All I can hear is a squirming man protecting the system. A system that has become paper-heavy, bureaucratic, phone-based in place of face-to-face, destructive and ineffective. A system that justifies itself through the paperwork trails it creates, and which it must hide when asked to show what it really does, because the paper trail will show it does nothing but generate paper trails.

This is a system where people interpret their jobs through the roles ascribed to them by middle managers. Where managers are themselves policed by paper targets. Building a system that has become incapable of acting - even though the people with in it, like Grit's sister in law, might so desperately want to effect good and bring about better change in struggling lives.

But to Balls, protecting his bureaucratic pile matters more than any of the people it was designed to serve.

So what is the party response to all of this mess? First, call on the NSPCC. Second, call on Lord Laming. And third, the solution to this database rich world, is to extend it.

Right. I feel better now. For more on Balls, you'll need to go somewhere else.

And here is a cute picture that Squirrel drew.

11 comments:

sharon said...

Now that is exactly what I meant when I replied to your reply on the previous post. I rant, almost to the point of apoplexy at times, on a huge range of subjects! Occasionally it's good to release your inner dictator, knitting needles are optional ;-)

sharon said...

Oh, and Squirrel's picture is lovely.

Nicola said...

I have been similarly horrified by the handling of this case and people's inability to either a) take responsibility and b) make effective changes to the system to reduce the number of potential child victims.

I feel for all 4 boys involved - the two victims who perpetrated the crime and the two victims of their senseless torture attack. It also makes me want to SCREAM WITH FRUSTRATION at the holes in the system that allowed this to happen.

Thanks for your rant. need to have a glass of wine now and go and calm down.

Anonymous said...

Slightly off piste, but I have just see this: http://www.westminster.gov.uk/services/libraries/archives/victorian-clerk/intro/

Westminster are serialising a diary of a Victorian clerk online. An interesting insight into those times - not sure if this is something you can use with the Gritlets?

Alternicity said...

Very cool unicorn.

mamacrow said...

wow, that is a great picture! all the fetlocks and hocks in the right places. v nice.

Grit said...

i love that phrase sharon; from now, i shall nurture my inner dictator.

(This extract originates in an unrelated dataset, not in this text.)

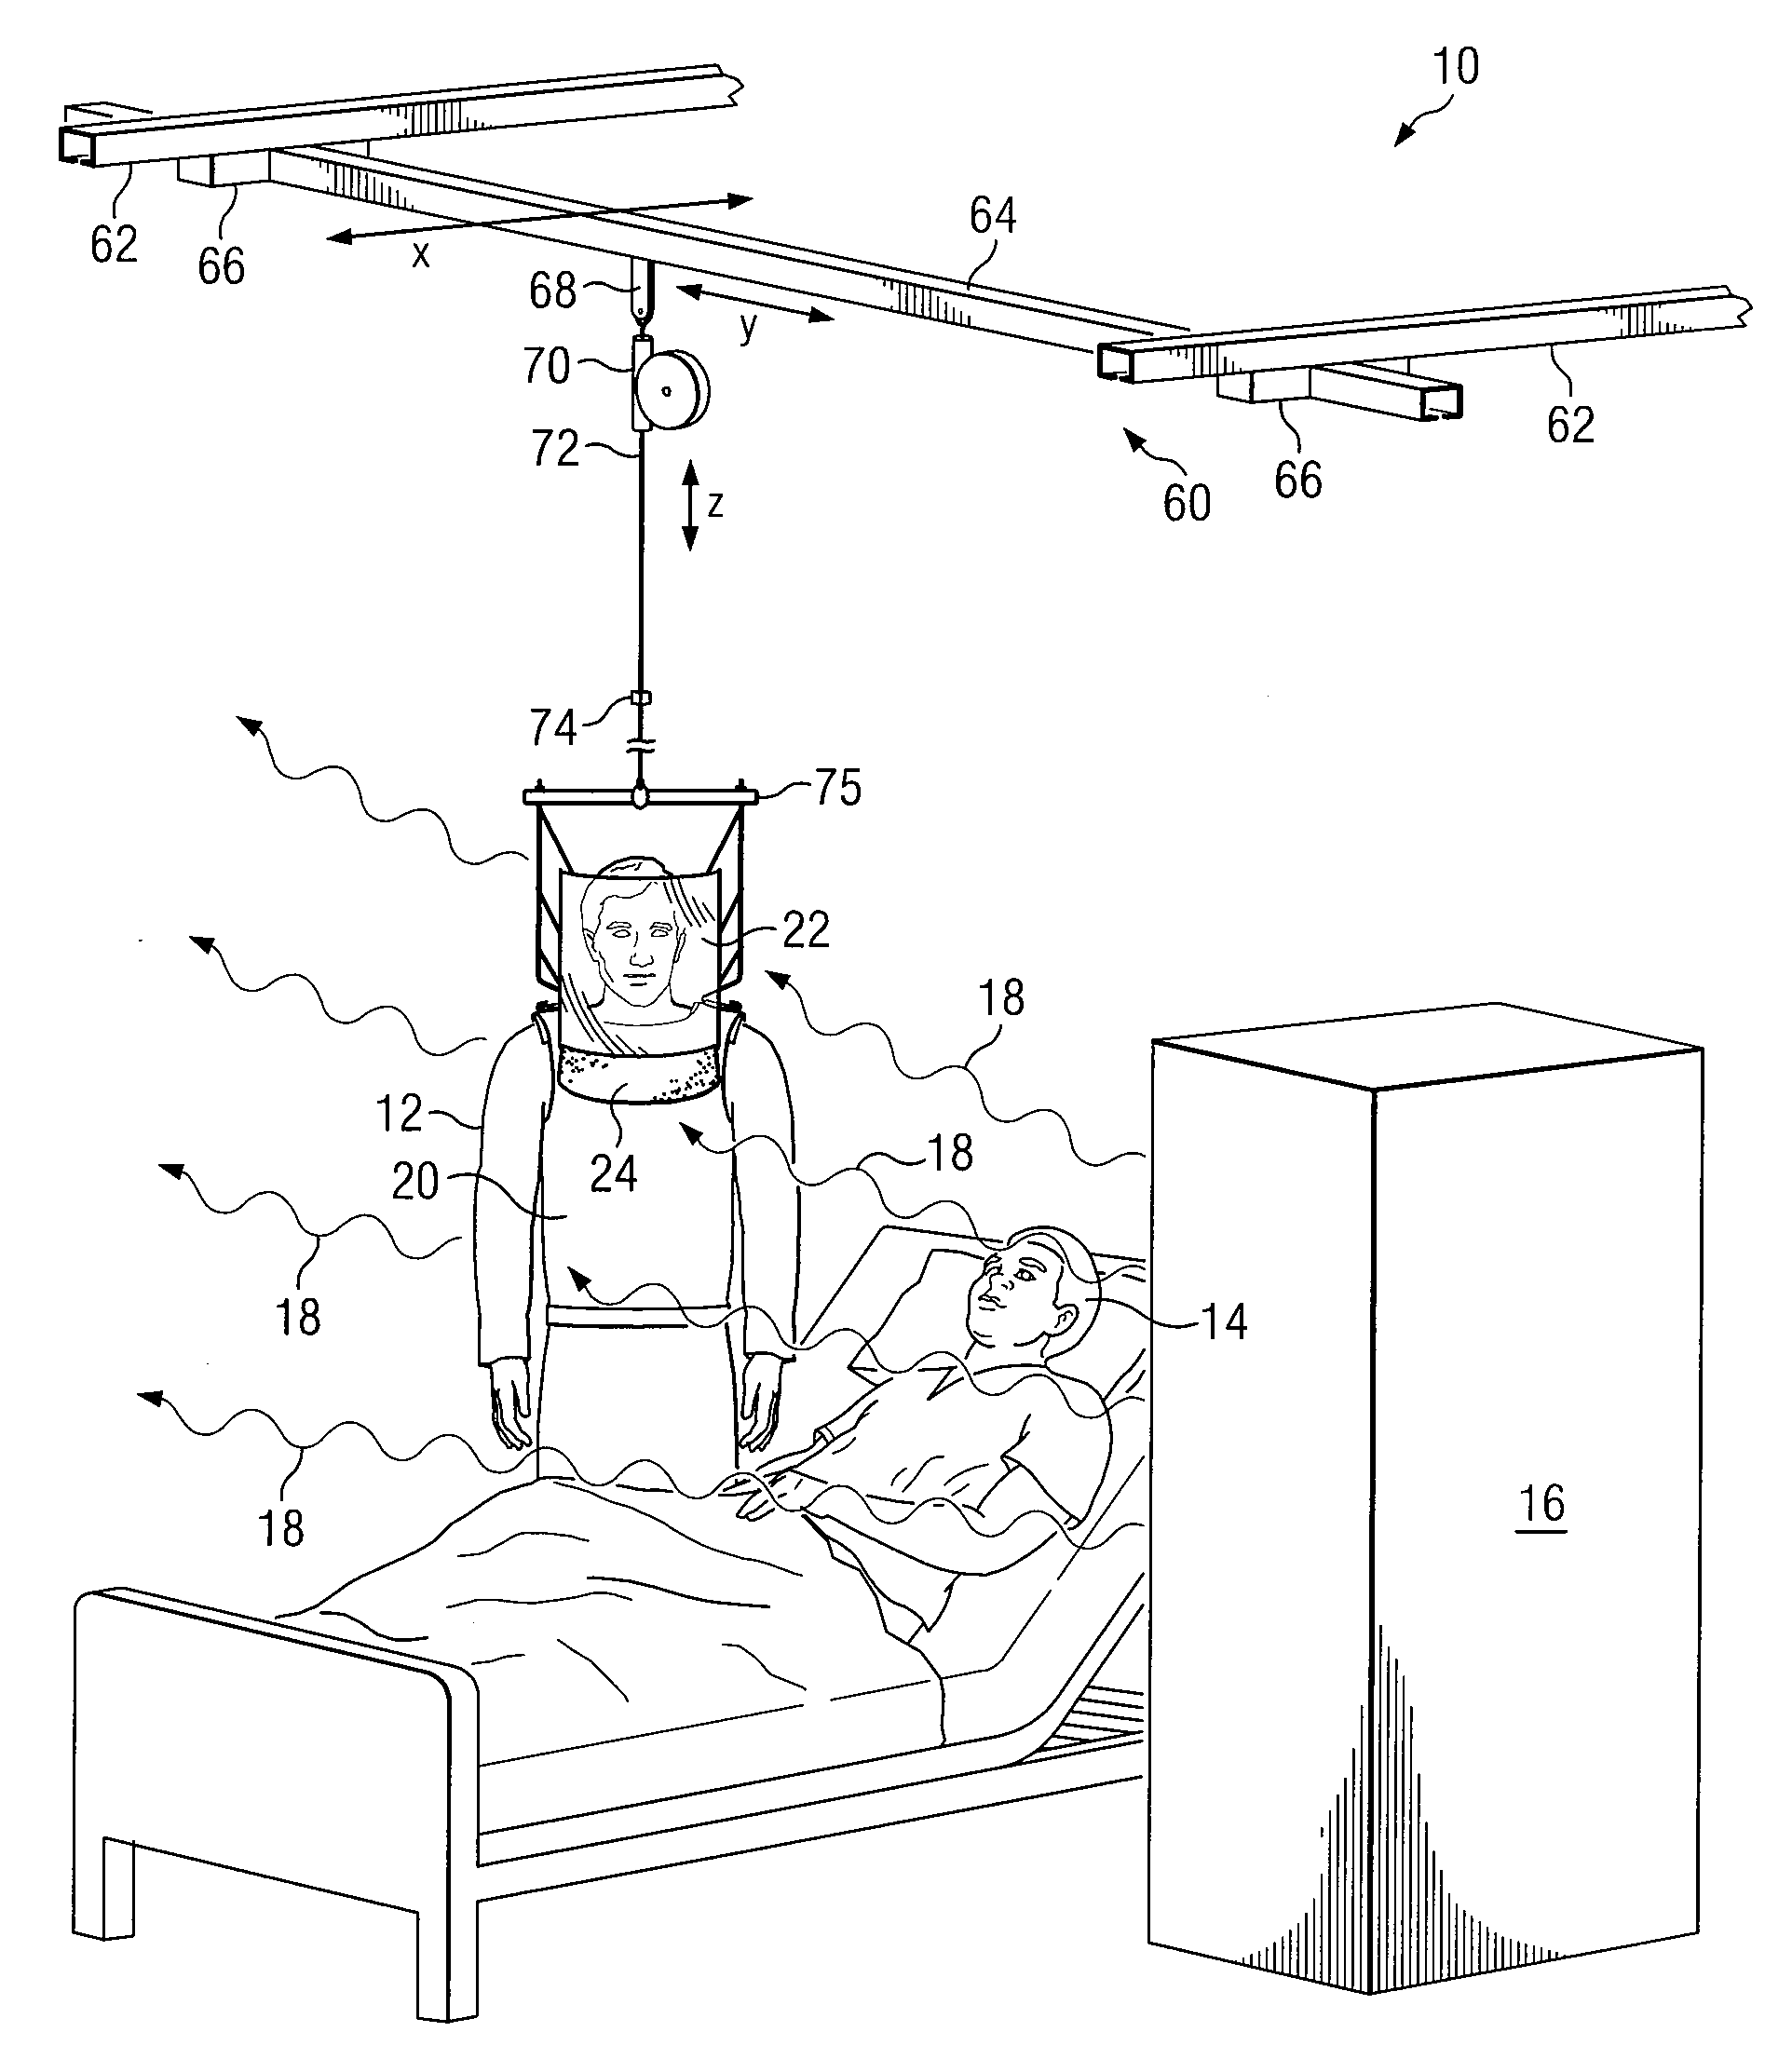 System and Method for Implementing a Suspended Personal Radiation Protection System

hi nicola. maybe capita could whisper in someone's ear that a new database can help ensure it never happens again.

mud, that is fantastic, thanks! we will use it. i can also recommend the book Useful Toil by John Burnett. (we 21st century bloggers ain't so very trendy!)

i've conveyed your comment to the illustrator, alternicity!

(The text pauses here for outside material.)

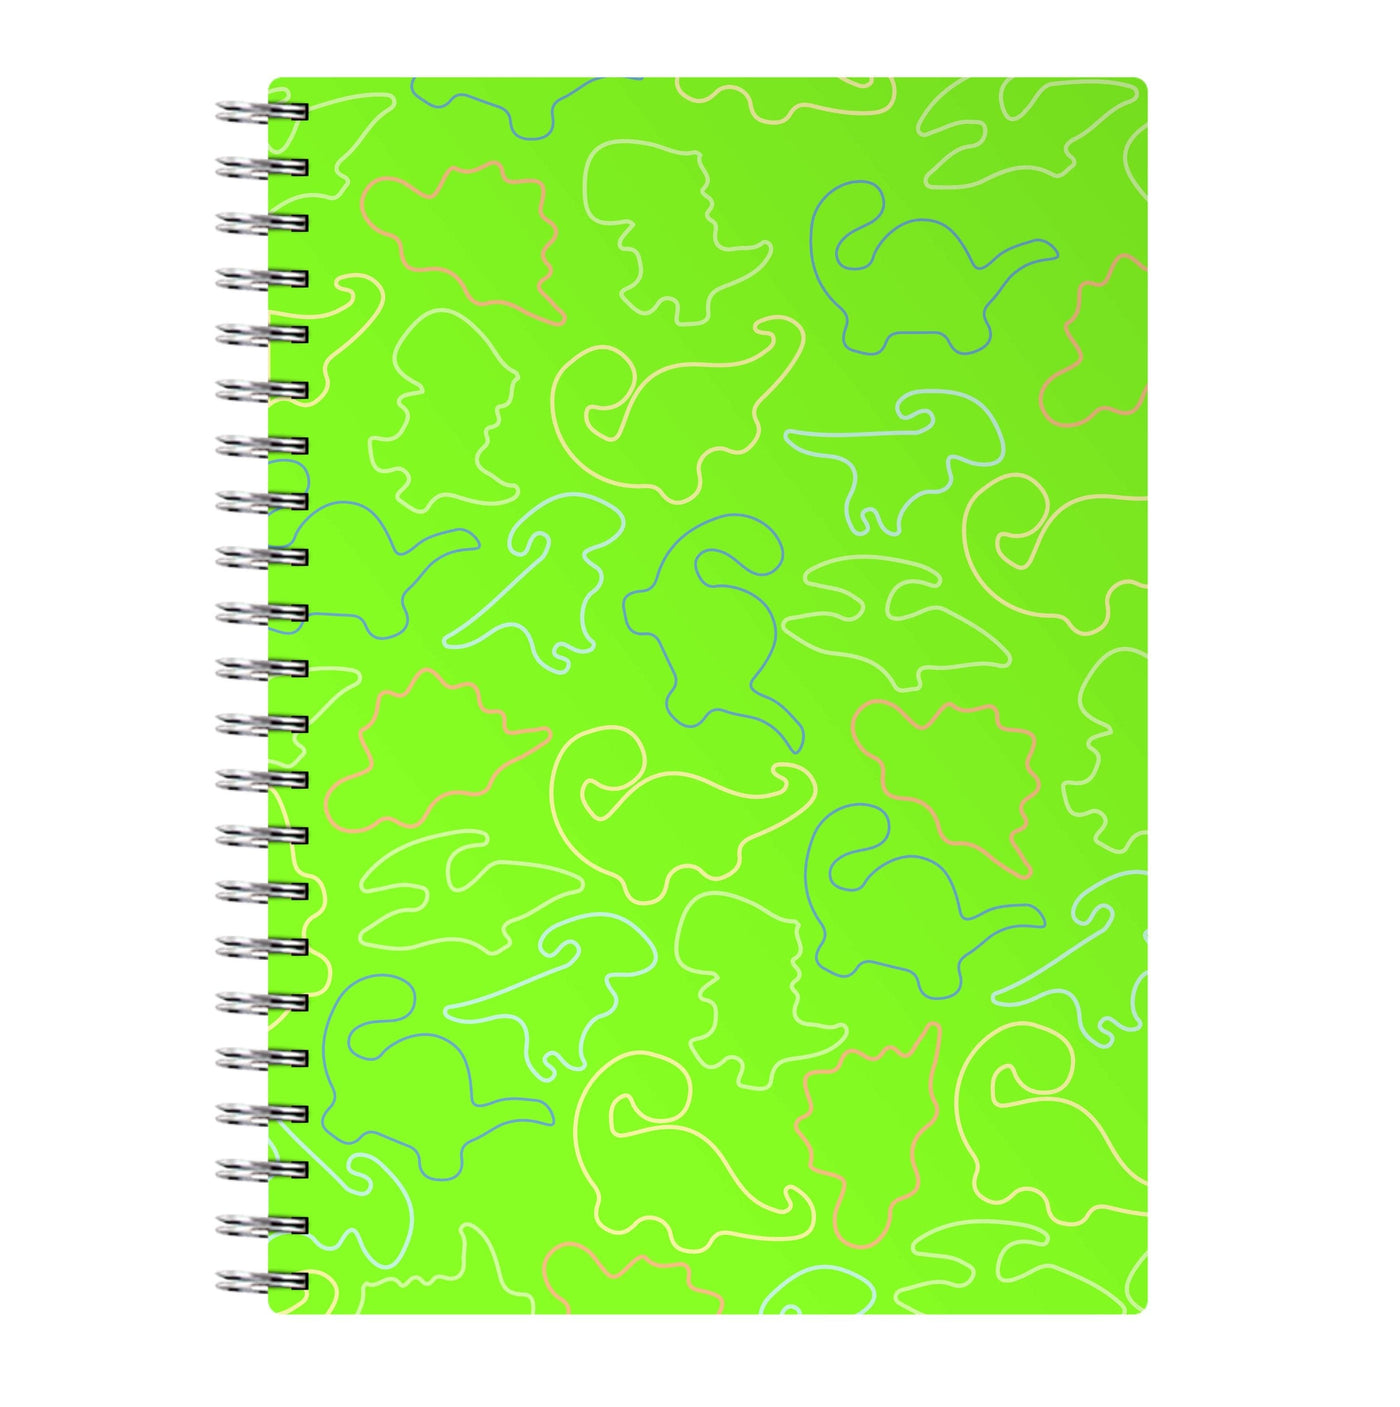 Outline Pattern - Dinosaurs Notebook

mamacrow, you are speaking a foreign language to me. i thought hock came in a glass.

MadameSmokinGun said...

It really is a very brilliant drawing.

As for everything else: ranting is essential; blog-rants are fantastic; the NSPCC will get no further donations from me until they retract their libellous statement (which I'd forgotten about!)

I can't listen to the news - not just 'cos I don't want the small things to hear it - I don't want to hear it. It just makes me feel insigificant and irrelevant.

The 'real' world is whatever is real in your world I say. And unicorns are much misunderstood. Why would something so 'girly and fluffy' have a bloody great horn on its head eh? Never underestimate a mythical beast - not even a non-abusing home educator.

mamacrow said...

MadameSmokingGun - the unicorn's horn is for dipping into polluted water and purifying it, apparently. Not for garoting evil princes. Nope, not at all.

mamacrow said...

ooo, look what I've just stumbled across!
http://www.amazon.co.uk/Love-Draw-Horses-Very-Favorite/dp/1600591523/ref=sr_1_1?ie=UTF8&s=books&qid=1264803701&sr=8-1

any good?

MadameSmokinGun said...

Not even a little squat stupid evil prince in a crap suit? Aww - go on.... Mind you there are plenty of polluted waters in need of purifying. I needn't elaborate.